The FTSE 100 ended the day at its highest for four months at 6,362.89 points, up 120.50 points, or 1.9 per cent.
Tesco shed 7.8 per cent as investors fretted over the supermarket’s near-term outlook and the on-going industry price war that’s putting pressure on profits.
Read more: Tesco’s share price has recovered this year
Rival supermarket chain Sainsbury’s was flat, while Morrisons was dragged down two per cent.
Shares rallied from the open on the latest sign that the process of rebalancing China’s economy is on course.
Exports from China jumped by 11.5 per cent in March in dollar terms – the first monthly increase since last summer and well above economists’ expectations.
The data put a floor under commodities, with the mining sector up 6.9 per cent.
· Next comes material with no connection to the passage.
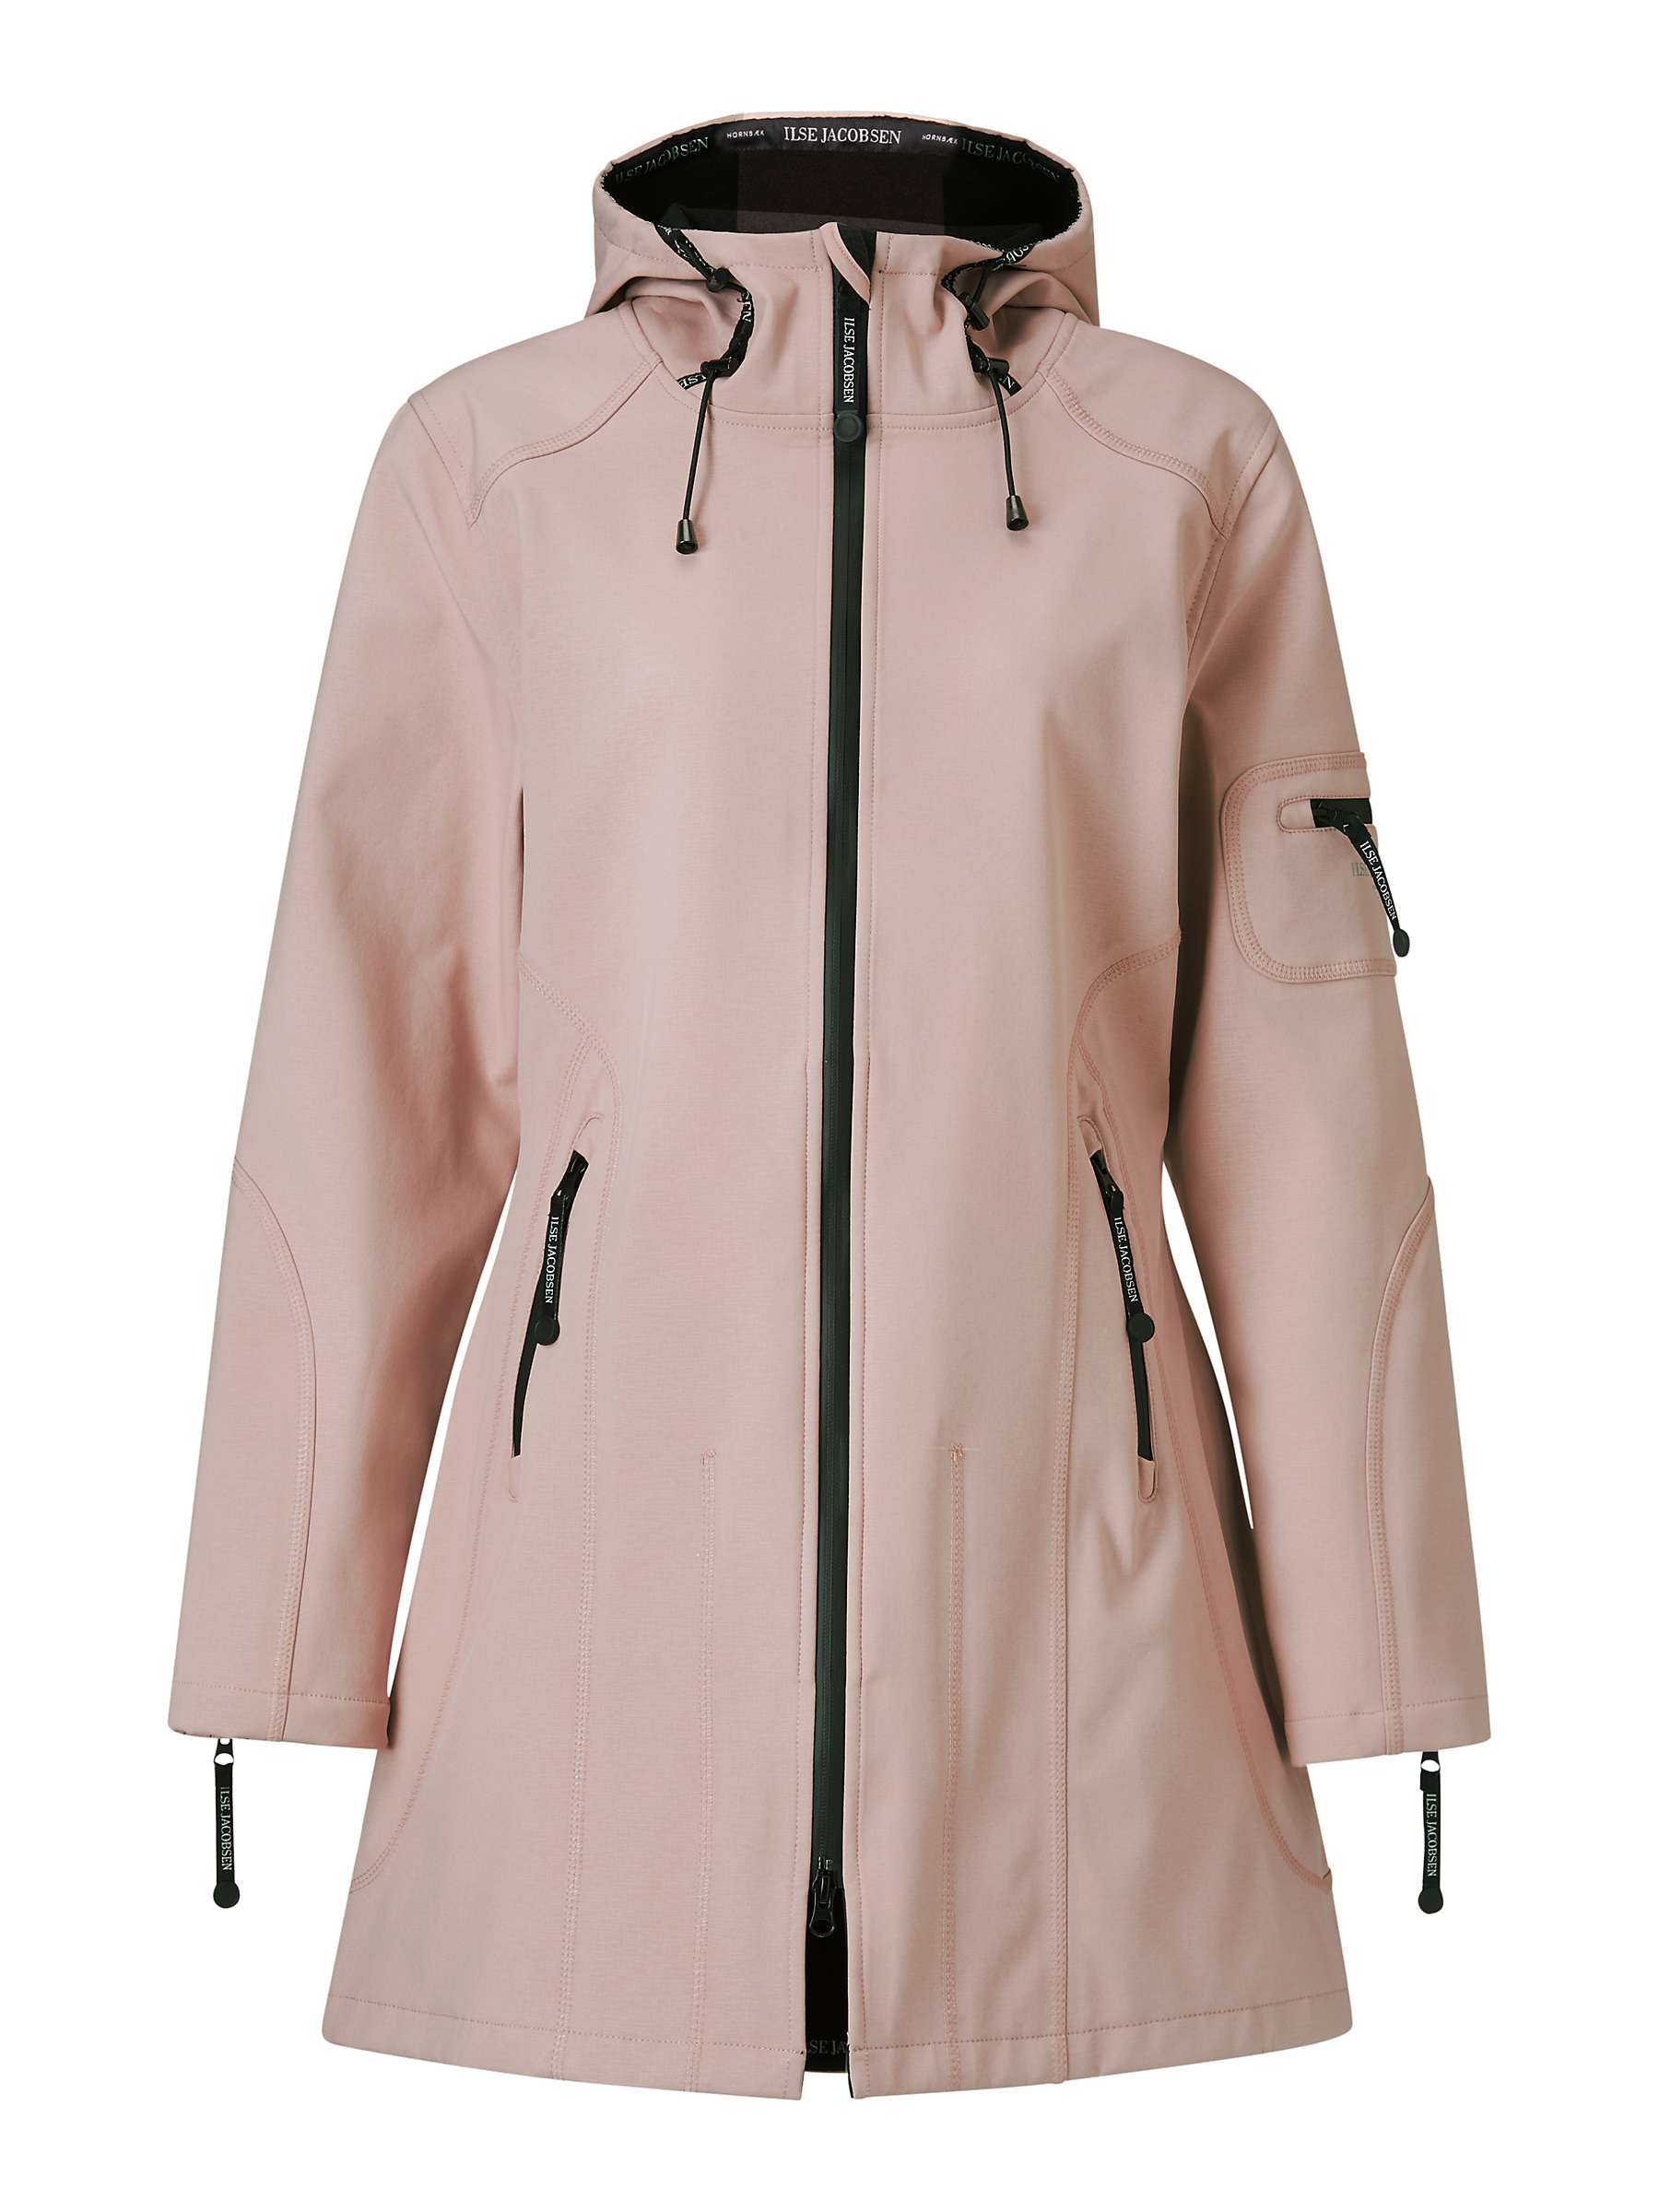 Buy Ilse Jacobsen Hornbæk 3/4 Length Raincoat, Adobe Rose Online at johnlewis.com
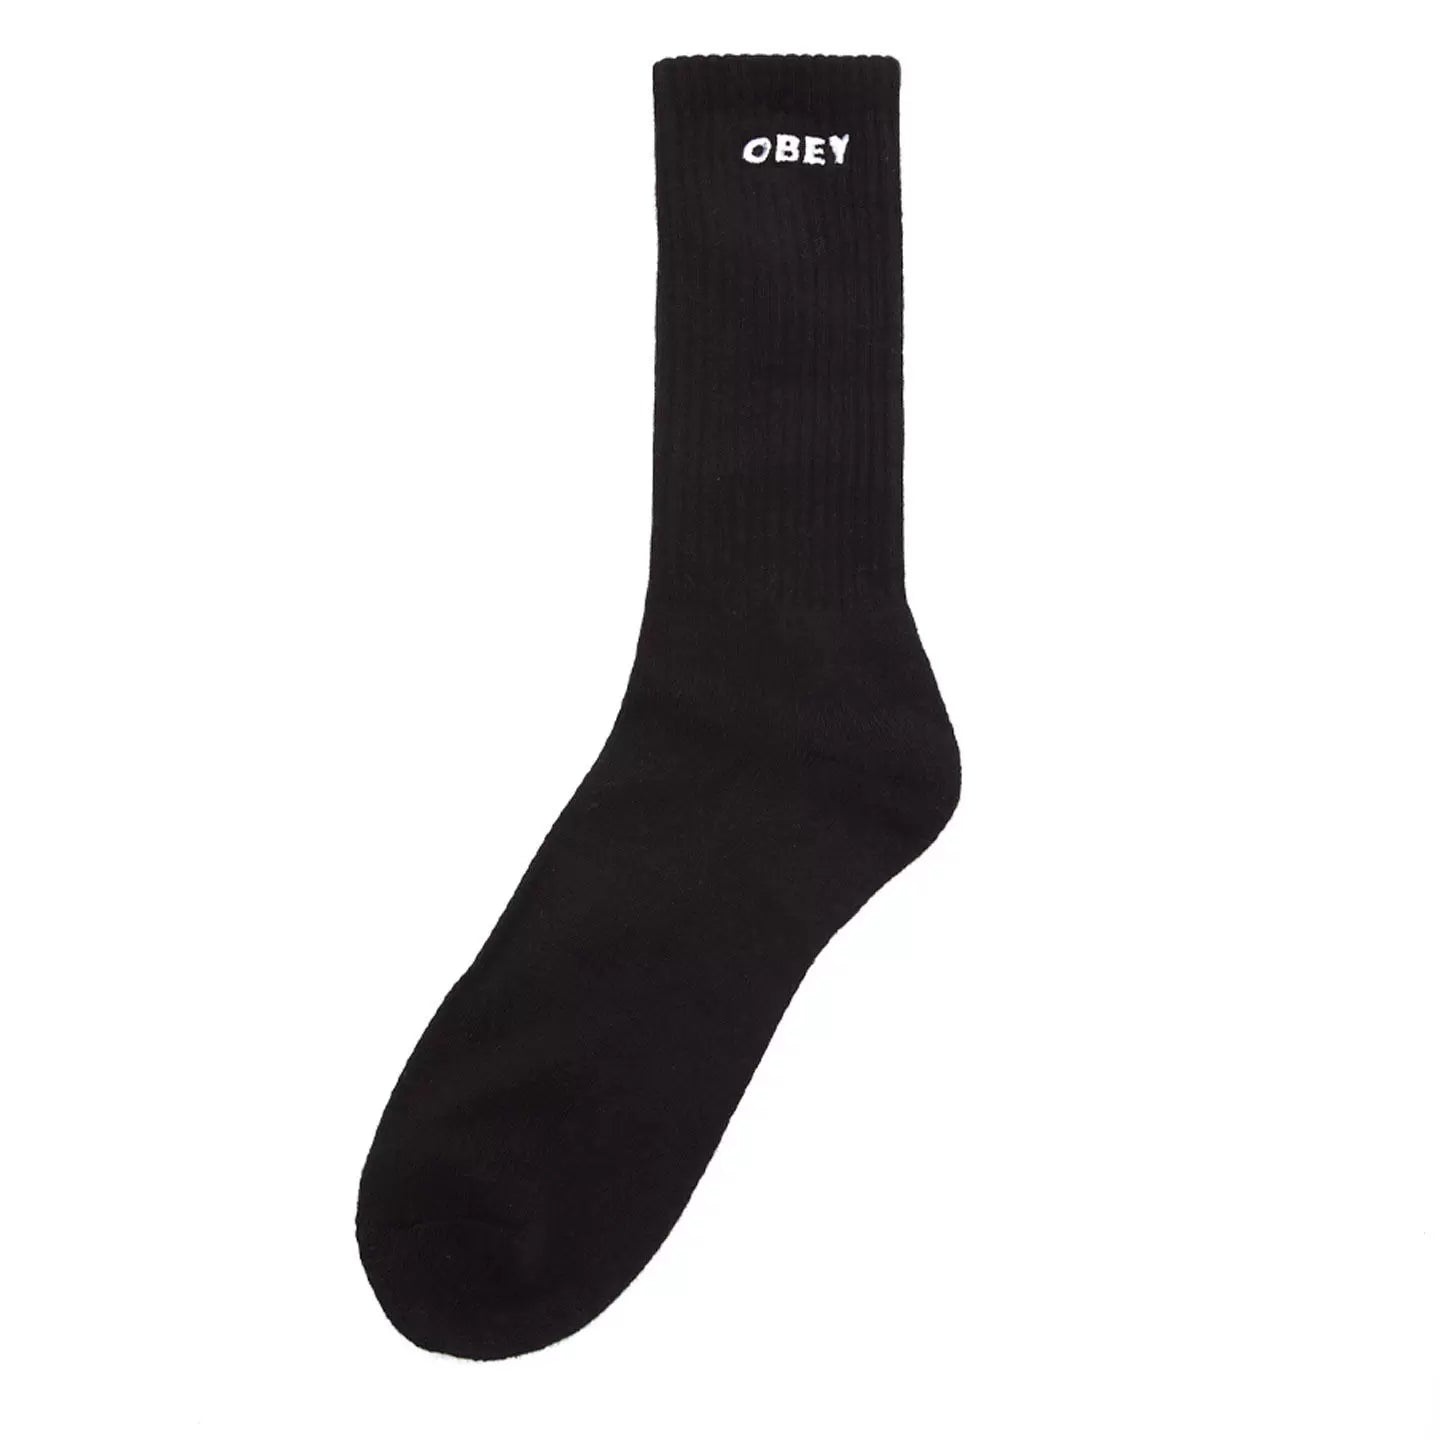 obey-bold-socks-black-1

Oil also managed to hold onto its recent gains with Brent crude trading at $44.32 per barrel at the close.
Anglo American lead the miners, rising by 11 per cent, shortly trailed by BHP Billiton’s 9.1 per cent rise.
Rio Tinto, Glencore, and Antofagasta rose by 7.6 per cent, 6.7 per cent, and 5.1 per cent respectively.
Emerging market focused banks lead financials higher. Standard Chartered added 10.6 per cent and HSBC climbed by 6.6 per cent.
Other banks did well following better than expected results from US bank JP Morgan. Overall profits came in at $1.35 a per share, on revenue of $24.1bn (£16.92bn). Analysts were expecting earnings per share of $1.24 on revenue of $23.80bn, according to a Bloomberg poll.
Barclays rose by 7.1 per cent, while Royal Bank of Scotland increased 5.9 per cent.
Amid small caps Premier Foods slumped 26.8 per cent after potential US buyer McCormick walked away from the a takeover proposal.
Read more: Top shareholder slams Premier Food over failed bid talks
The loss far from wipes out the gains Premier made since March 23, when it rejected McCormick’s initial bid. It’s still up 36 per cent since then.
FTSE 250 constituent Tullow Oil rose 11.4 per cent as investors cross their fingers the world’s oil producers will be able to do a deal to freeze output levels on Sunday.